Manhattan lawyer Lee Richards picked as firm's independent examiner, as part of Computer Associates' agreement


March 17, 2005

A former federal prosecutor has been named to ensure that Computer Associates cleans up its operation in line with a court agreement that headed off a federal criminal indictment of the firm for fraud.

Lee Richards, a Manhattan attorney, was selected yesterday to be the firm's independent examiner by U.S. District Court Judge I. Leo Glasser, officials said.

In addition to being a former federal prosecutor in the Southern District who investigated insider trading and securities fraud cases, Richards also has worked for the Securities and Exchange Commission overseeing the compliance or liquidation of several securities firms.

U.S. Attorney Roslynn Mauskopf said, "One of the primary purposes of [the CA agreement] was to ensure that, going forward, CA meets the highest standards for accounting, internal compliance, corporate governance and ethics. ... Lee Richards will be bringing his wealth of experience and judgment to helping ensure that those purposes are achieved."
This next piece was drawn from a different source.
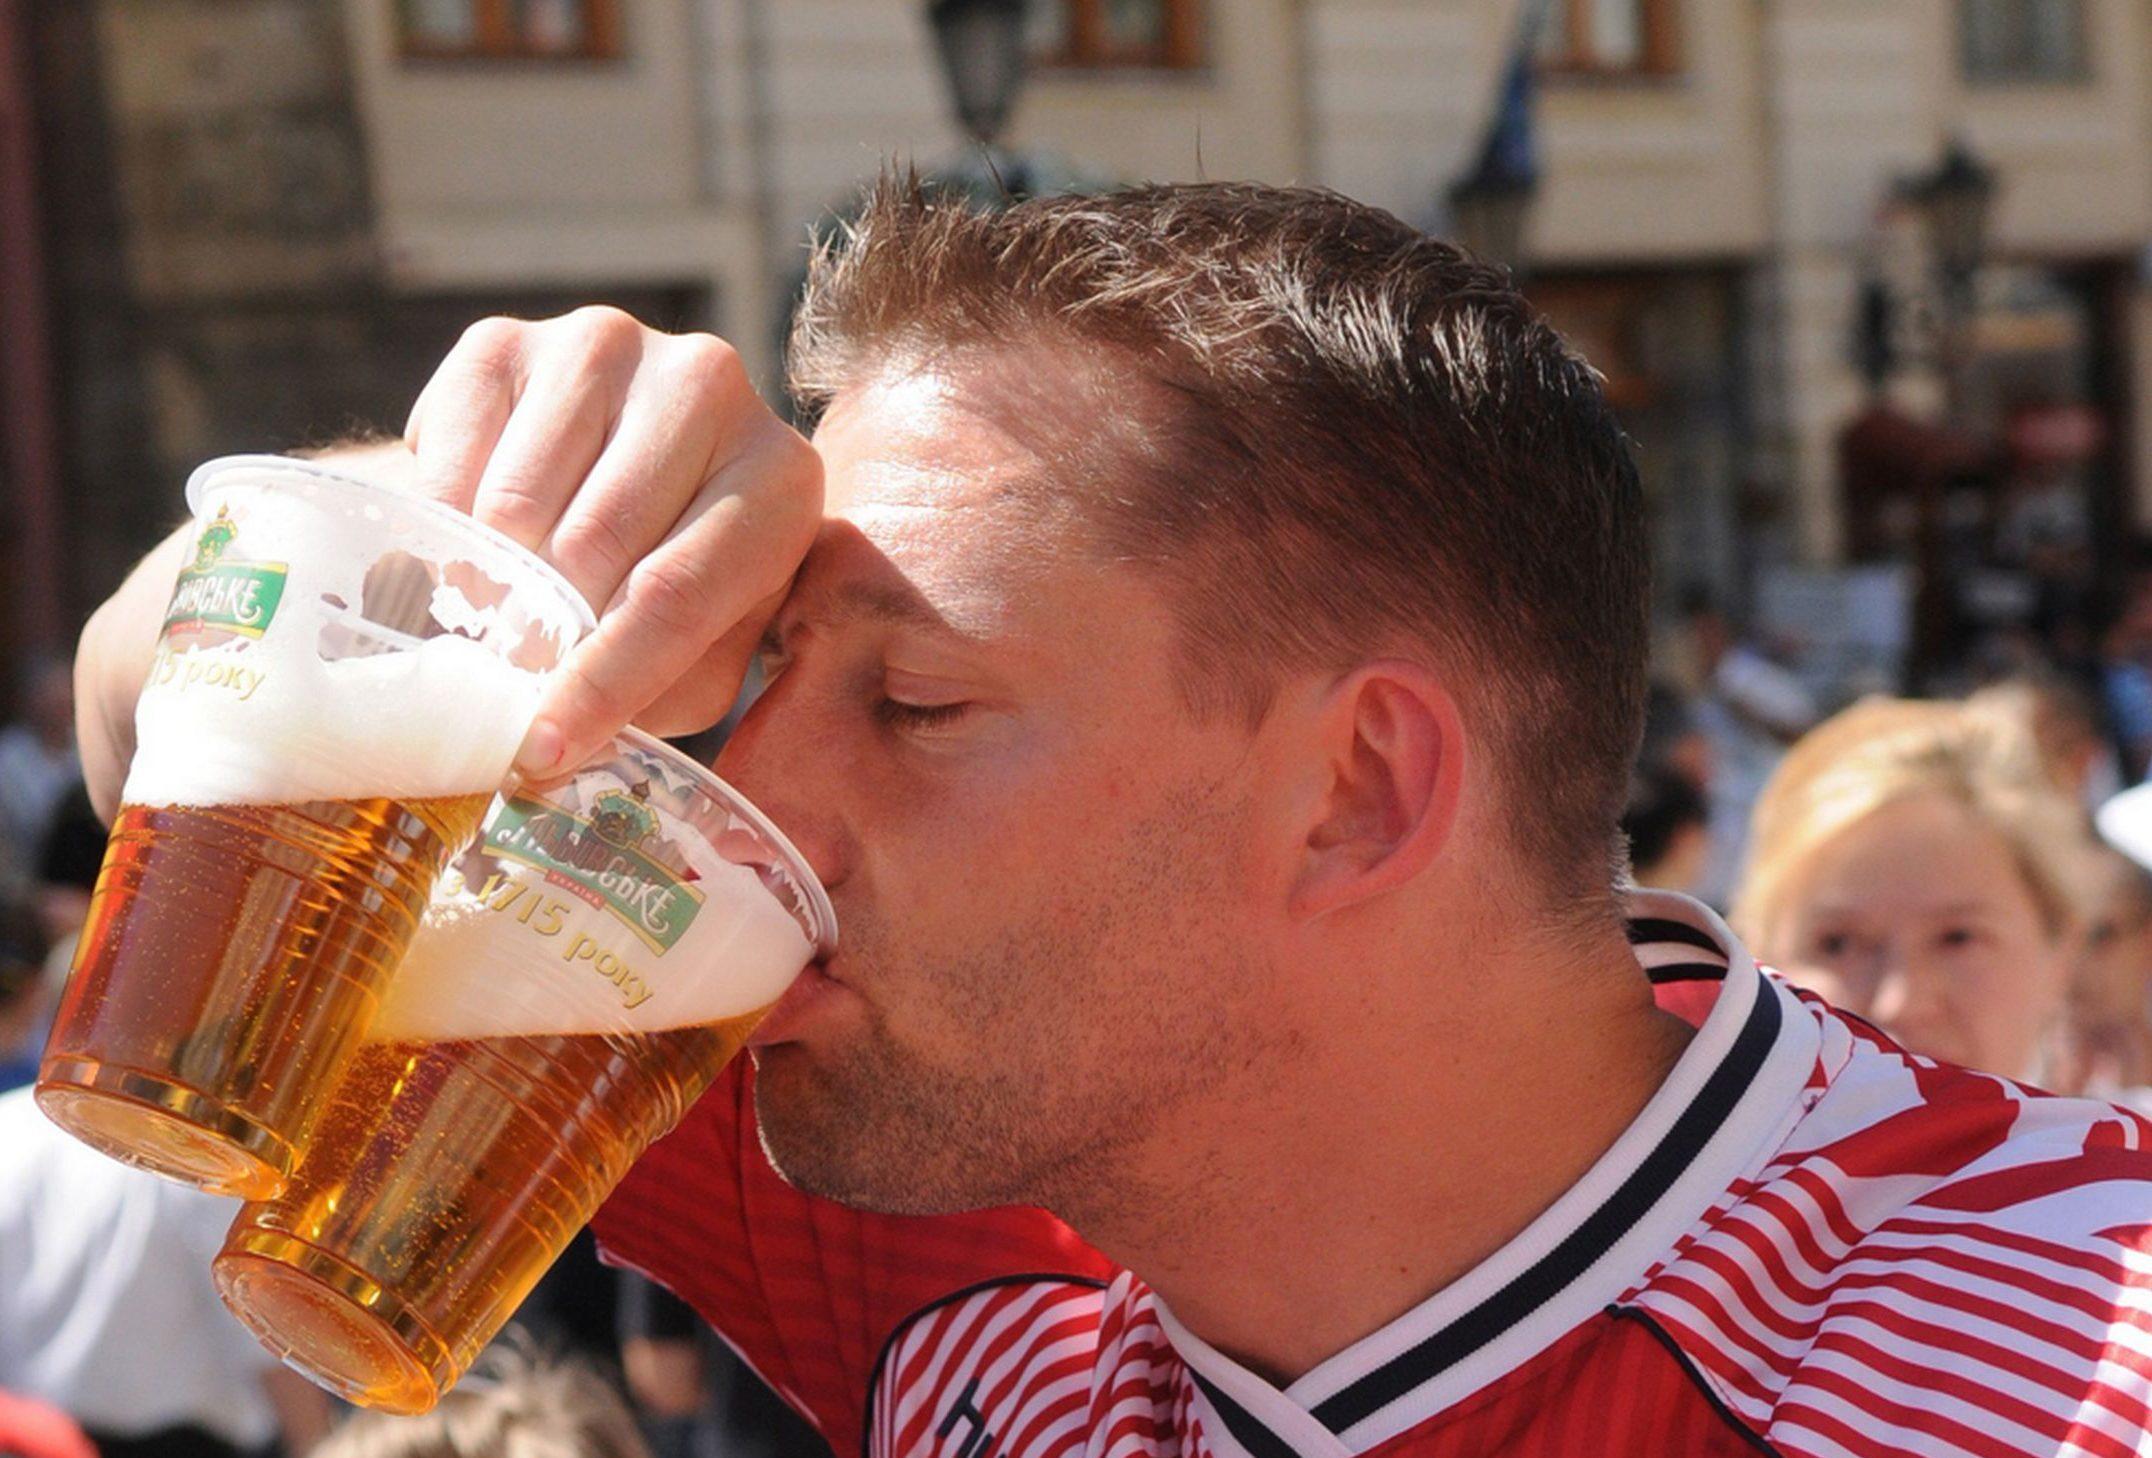 Пиян футболен коментатор заваля думи в ефир! Наздаре, майсторе (ВИДЕО)

In private practice recently, Richards most notably served as the attorney for Salomon Smith Barney telecom analyst Jack Grubman. Grubman, described by research firm The Corporate Library as a "poster boy for Wall Street conflicts of interest and shady dealings," was banned from the business for life and fined $15 million. Grubman, however, neither admitted nor denied the charges against him.

In a statement, Computer Associates said the firm "is committed to fulfilling all the requirements of the [agreement] and has already made important progress. With Mr. Richards' guidance, CA hopes to accelerate this process."

Richards was selected in a complicated process in which CA named at least five attorneys it said would be acceptable to oversee the firm's cleanup. The U.S. attorney's office then whittled the list down to three, and the judge made the final selection.

Under the terms of the cleanup agreement last September, known as a deferred prosecution, Computer Associates paid $225 million to compensate defrauded investors and said it would fire all employees responsible for wrongdoing, appoint new management, add several independent directors to its board, and reorganize the finance department to ensure tighter supervision of financial practices.